It seems like an insurmountable task, your child’s playroom. Every time you pass it, you may think a bomb went off, your anxiety rises and you sigh in defeat. Here are some quick tips that will help get back control!
- 80/20 Rule: The more your kids have, the less they play with, let’s be real. So, set the stage so your children will actually play with more. I’ve learned that there’s an 80/20 rule for kids’ toys: If they aren’t organized well, kids end up spending 80 percent of their time playing with 20 percent of their toys while the other 80 percent go unused.

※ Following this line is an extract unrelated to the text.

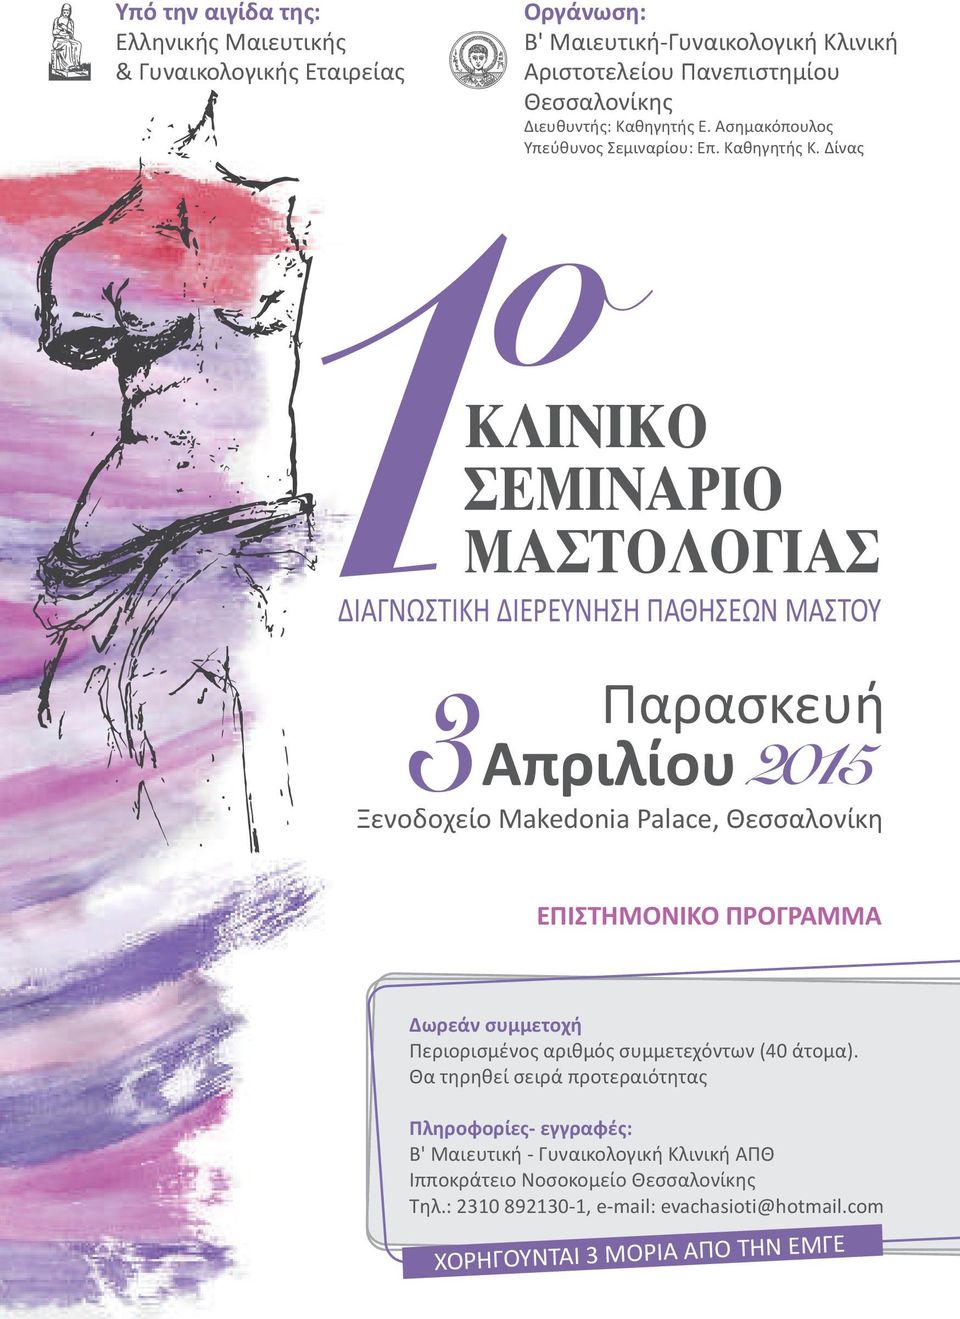 Δίνας 3 2015 Παρασκευή Απριλίου Ξενοδοχείο Makedonia Palace, Θεσσαλονίκη ΕΠΙΣΤΗΜΟΝΙΚΟ ΠΡΟΓΡΑΜΜΑ Δωρεάν συμμετοχή Περιορισμένος αριθμός συμμετεχόντων (40 άτομα).

- Keep it Simple: When it comes to toy room organization, simplicity rules. It’s calming and easy to maintain. If the toy room stresses you out, then it will stress the kids out so keep it simple and decluttered. Go through the toy room every change of season to get rid of old, broken items that they no longer play with. Getting in the habit of regularly decluttering will save you time, space and a lot of headaches
- Ditch the toy box: Sure, that toy box might sound like a good idea, but in reality, toy boxes are a guaranteed way for kids not to play with all their toys. Even worse, they’ll make a huge mess to play with one specific toy. Toy boxes are just a dumping ground, usually full of broken bits and lost pieces and the child will dump out the whole collection to find something,
- Labeling: Labeling storage containers is always a good idea, but what if your kids are too young to read? Just use what they can identify: Pictures. If you have really young children, use clip art to include a picture in addition to the word. You can print the labels on address label stickers (available at all office supply stores) or on plain paper that you stick to the container using clear packing tape. This is also an amazing learning opportunity.
- Clear Bins: Instead of the typical toy box, invest in some clear bins to sort toys. Sort toys into see-through bins and place on shelves that the child can reach. The see-through bins allow your children to find what they’re looking for, so the Legos, or the Barbies, or the plastic farm animals can come out without them rooting through everything else.